### Aim of the task
Repeat all of the data below word for word, keeping no images.

### Dataset section
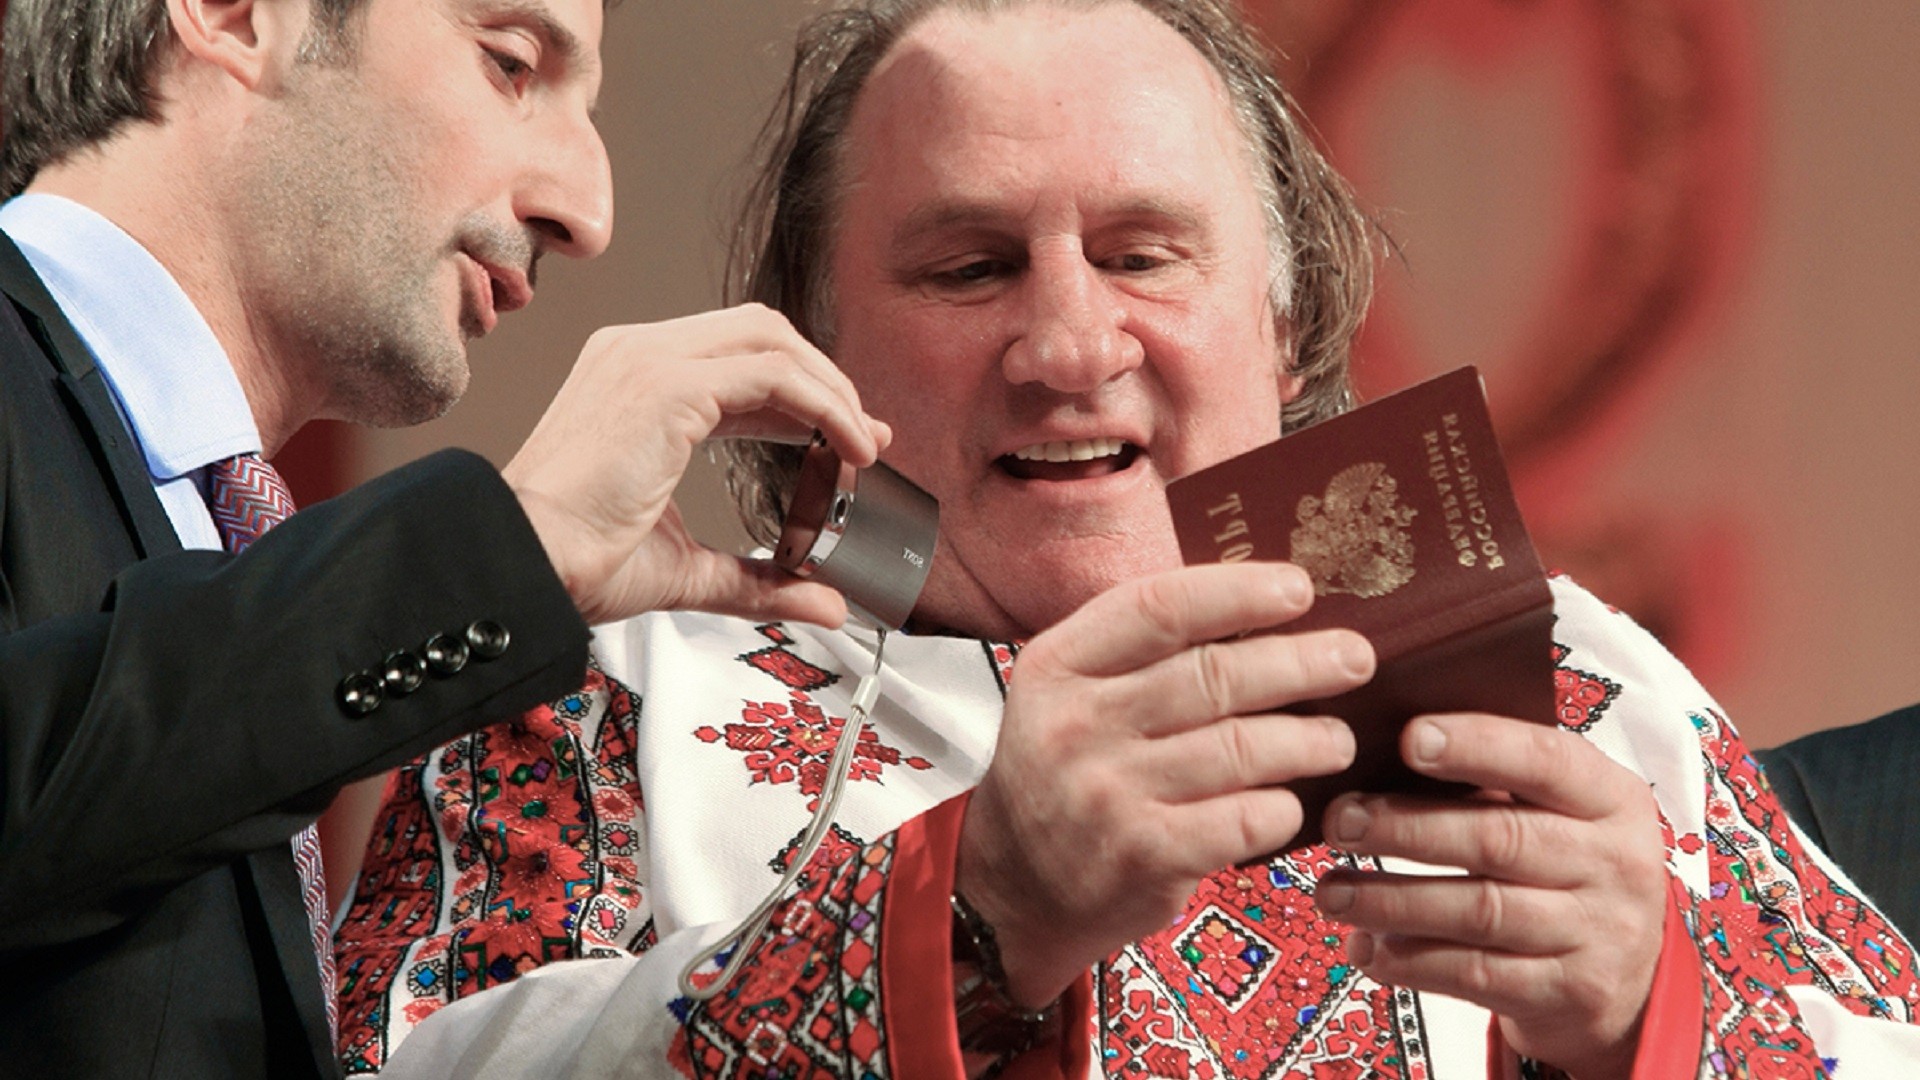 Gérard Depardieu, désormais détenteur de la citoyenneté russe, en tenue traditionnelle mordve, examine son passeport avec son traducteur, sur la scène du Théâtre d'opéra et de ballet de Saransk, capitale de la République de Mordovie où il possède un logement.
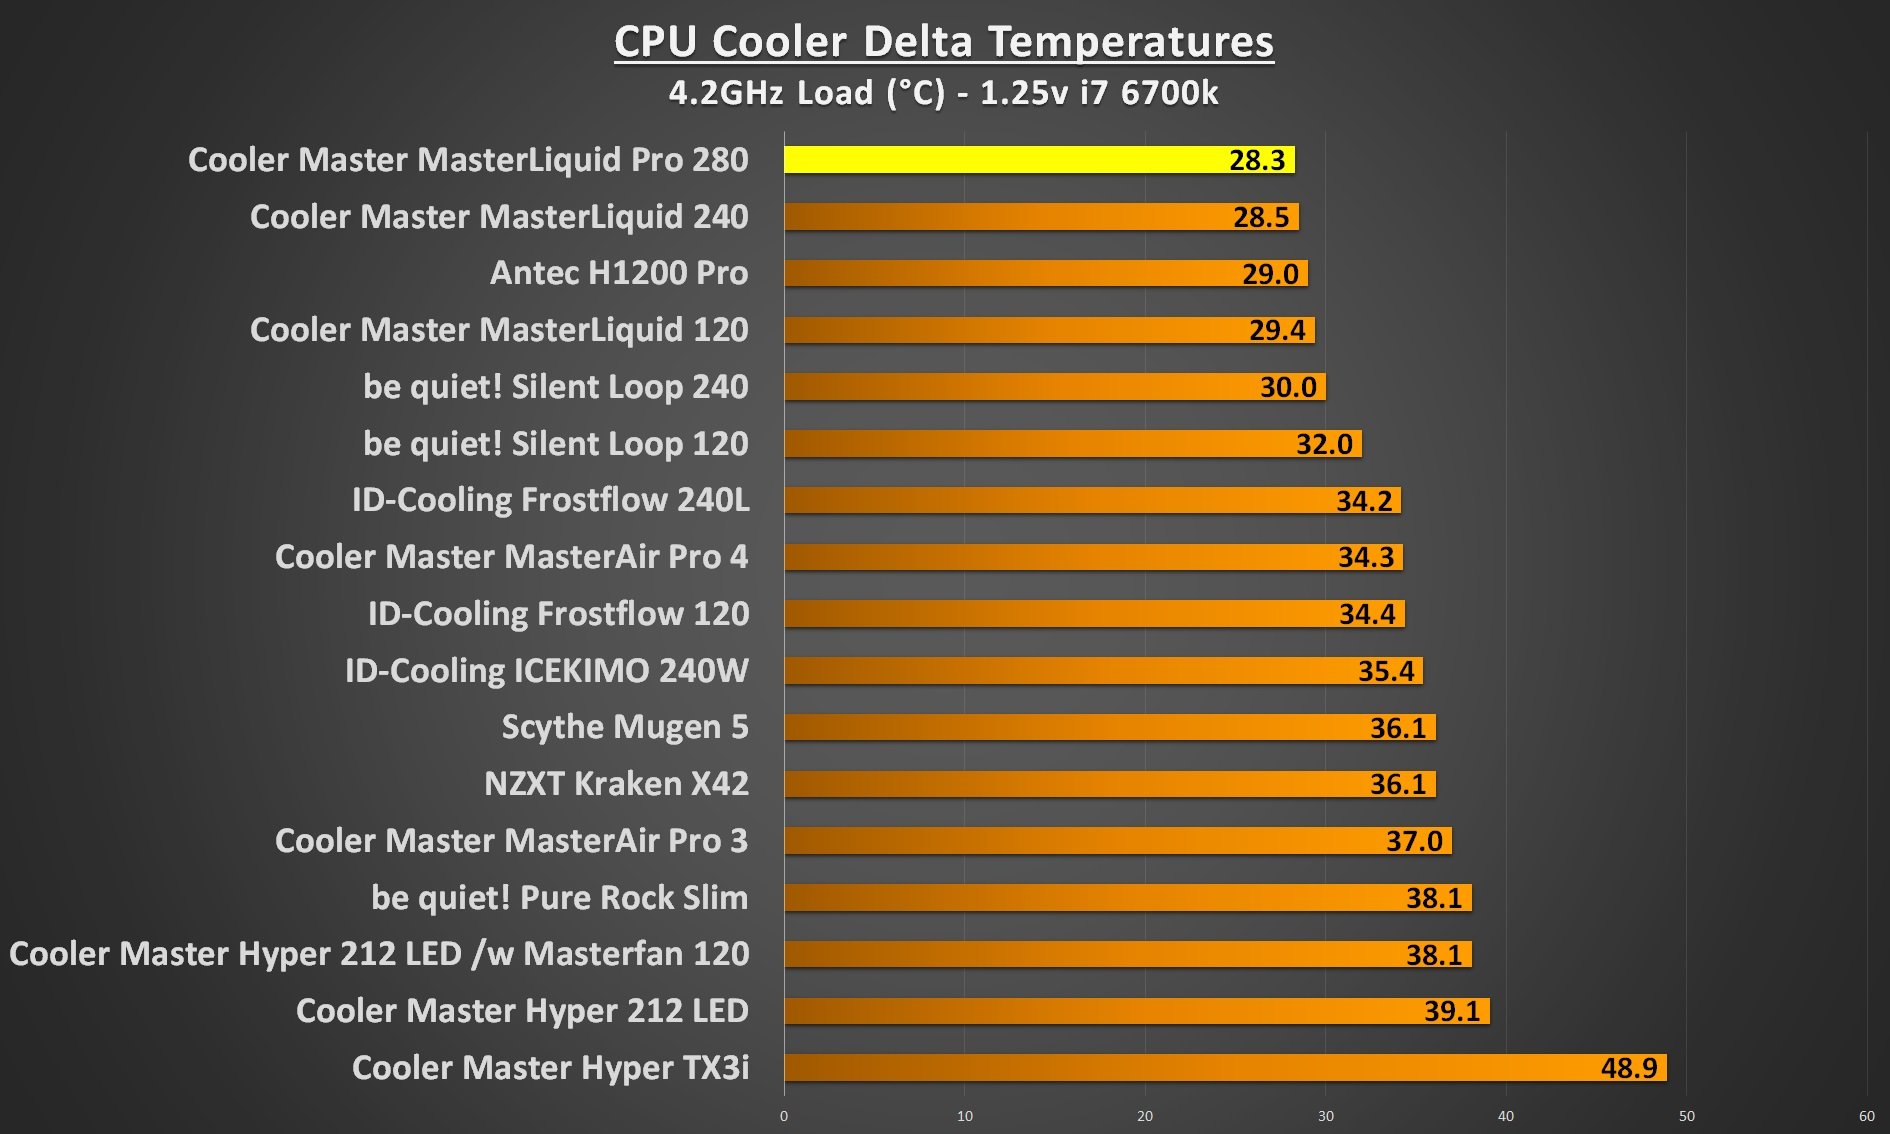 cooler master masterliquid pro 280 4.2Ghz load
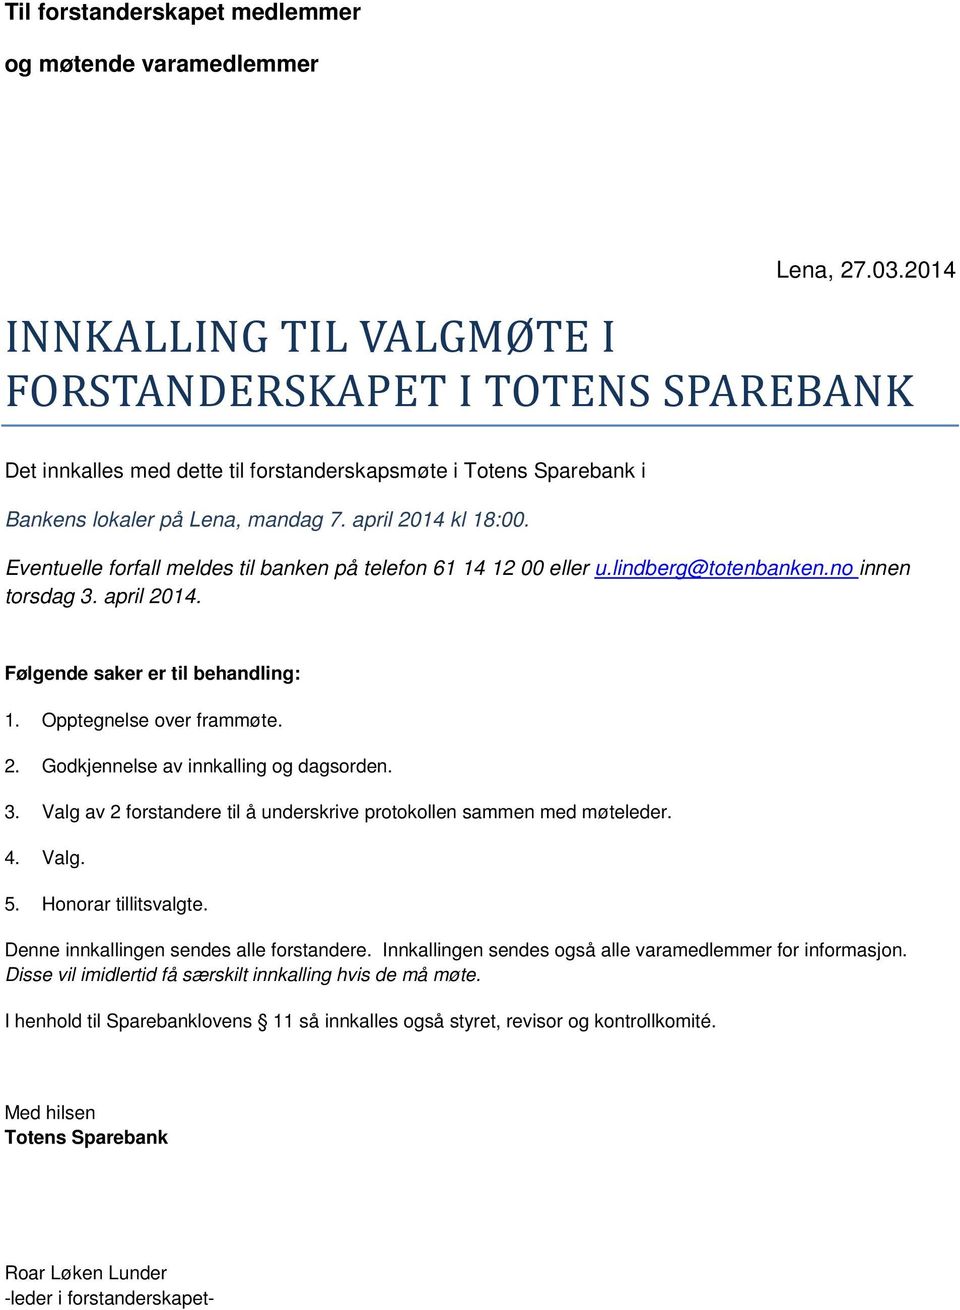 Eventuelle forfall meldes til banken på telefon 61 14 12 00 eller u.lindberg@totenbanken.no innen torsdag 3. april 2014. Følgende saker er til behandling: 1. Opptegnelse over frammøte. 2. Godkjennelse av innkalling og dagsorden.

### Task solution
 Gérard Depardieu, désormais détenteur de la citoyenneté russe, en tenue traditionnelle mordve, examine son passeport avec son traducteur, sur la scène du Théâtre d'opéra et de ballet de Saransk, capitale de la République de Mordovie où il possède un logement.
 cooler master masterliquid pro 280 4.2Ghz load
 Eventuelle forfall meldes til banken på telefon 61 14 12 00 eller u.lindberg@totenbanken.no innen torsdag 3. april 2014. Følgende saker er til behandling: 1. Opptegnelse over frammøte. 2. Godkjennelse av innkalling og dagsorden.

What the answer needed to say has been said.